The six-member task force, appointed by the APA in 2000, extensively reviewed the literature on advertising media and its effects on children. Advertisers spend more than $12 billon per year on advertising messages aimed at the youth market. Additionally, the average child watches more than 40,000 television commercials per year.
"Because younger children do not understand persuasive intent in advertising, they are easy targets for commercial persuasion," said task force chair Brian Wilcox, director of the Center on Children, Families, and the Law at the University of Nebraska. "This is a critical concern because the most common products marketed to children are sugared cereals, candies, sweets, sodas, and snack foods.
"Such advertising of unhealthy food products to young children contributes to poor nutritional habits that may last a lifetime and be a variable in the current epidemic of obesity among kids."

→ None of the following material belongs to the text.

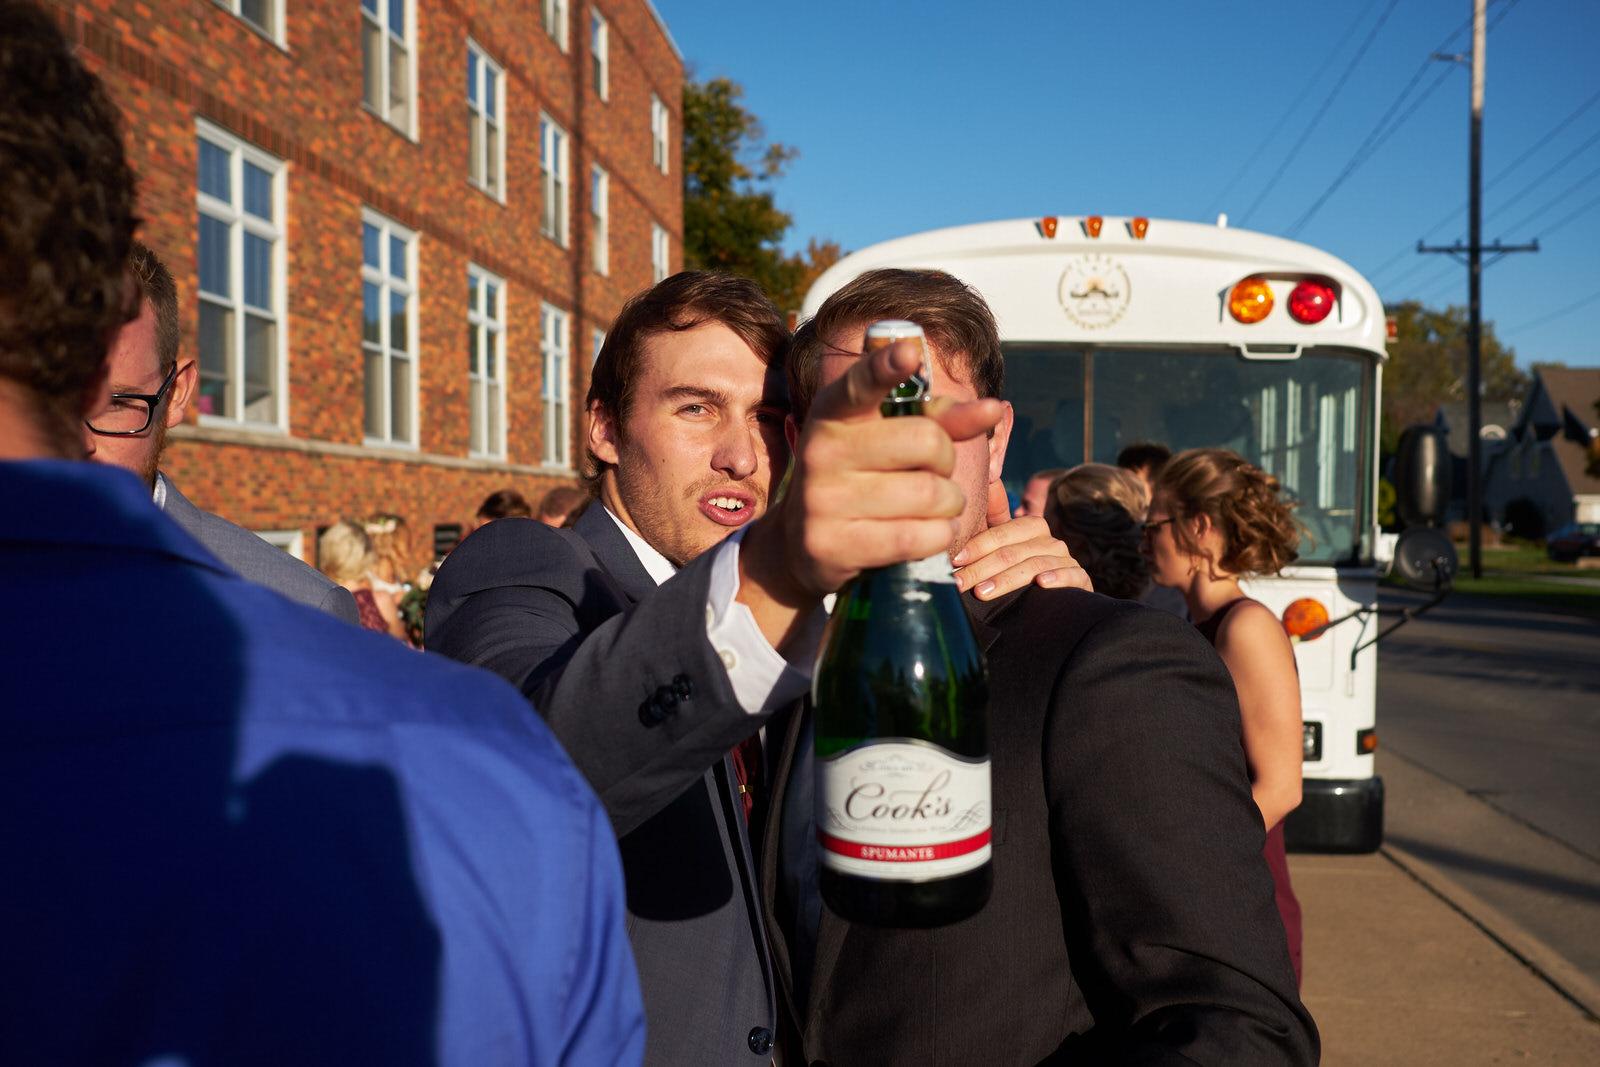 weddings3-1.jpg
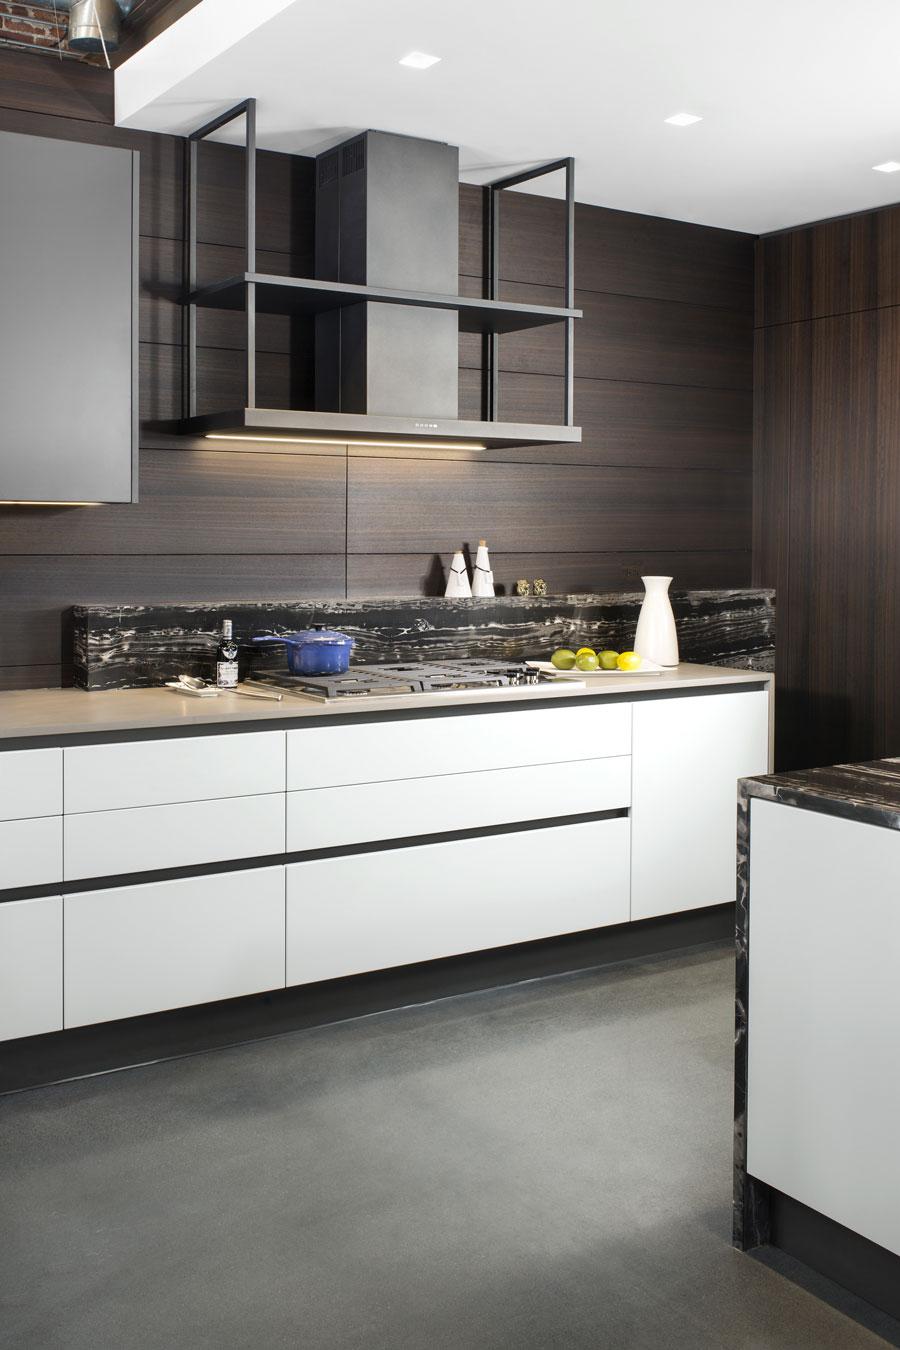 Aurum Home Technology Exquisite Kitchen Design Portfolio

Research on children's commercial recall and product preferences confirms that advertising does typically get young consumers to buy its products. From a series of studies examining product choices, said Kunkel and Wilcox, the findings show that children recall content from the ads to which they've been exposed, and preference for a product can occur with as little as a single commercial exposure and be strengthened with repeated exposures.
Furthermore, studies reviewed in the report show that these product preferences can affect children's product purchase requests. This can put pressure on parents' purchasing decisions and instigate parent-child conflicts when parents deny their children's requests, said Kunkel and Wilcox.
There also are concerns regarding certain commercial campaigns primarily targeting adults that pose risk for child-viewers, said Kunkel. "For example, beer ads are commonly shown during sports events and seen by millions of children, creating brand familiarity and more positive attitudes toward drinking." Similar concerns arise with violent video games and movies.
In addition to restrictions on advertising primarily directed at children eight years and younger, the APA urged policymakers to better protect young children from exposure to advertising because of the inherent unfairness of advertising to audiences who lack the capability to evaluate the biased sources of information found in television commercials.